Bagaimana tidak, sejak usia tujuh tahun Fauzan divonis mengidap penyakit kusta.
Kondisinya kini sudah cukup parah, dan perlu selalu mendapatkan pengobatan rutin yang diberikan petugas Puskesmas Marabatuan, Kecamatan setempat sejak 2024.
Baca juga: Nyaris Roboh dan Bahayakan Warga, Dishub Tanahbumbu Gercep Perbaiki Rambu Petunjuk Jalan
Baca juga: Bantuan Papan dan Balok Bagi Korban Banjir HSS Disalurkan, Sempat Terkendala di Penyedia
Tak sekedar menahan sakit dengan penyakit yang diderita, Fauzan juga dibenturkan dengan kondisi keluarga yang tidak utuh.
Setelah ibunya meninggal, ia sempat dibawa ayahnya yang menikah ke Lontar, Kecamatan Pulaulaut Barat.

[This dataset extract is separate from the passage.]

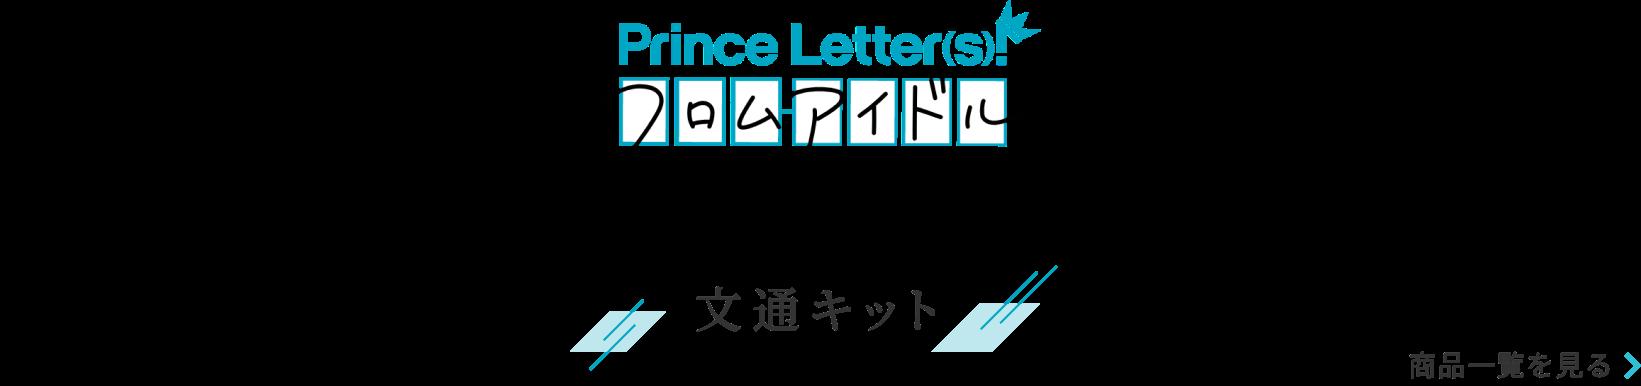 プリンスレターズ・フロムアイドル 文通キット

Selama itulah pengobatan dari pihak Puskesmas terhenti.
Namun karena ibu tirinya tidak berkenan merawat, akhirnya Fauzan dikirim kembali ke nenek dan kakeknya di Tanjung Nyiur pada 2025.
Miris, keduanya juga sudah tidak lagi kuat secara fisik, bahkan neneknya tunanetra dan sang kakek yang lumpuh.
Belum lama tadi, Kapolsek Pulau Sembilan, Iptu Agus Riyanto bersama petugas dari Puskesmas menyambangi kediaman Fauzan.
"Kunjungan ini sebagai wujud kepedulian terhadap kondisi Fauzan dan neneknya yang telah berjuang bertahahn hidup," ucapnya, Senin (9/2/2026).
Di kesempatan ini, pihaknya juga menyerahkan bantuan paket sembako sebagai bentuk dukungan untuk meringankan beban hidup Fauzan dan kakek neneknya.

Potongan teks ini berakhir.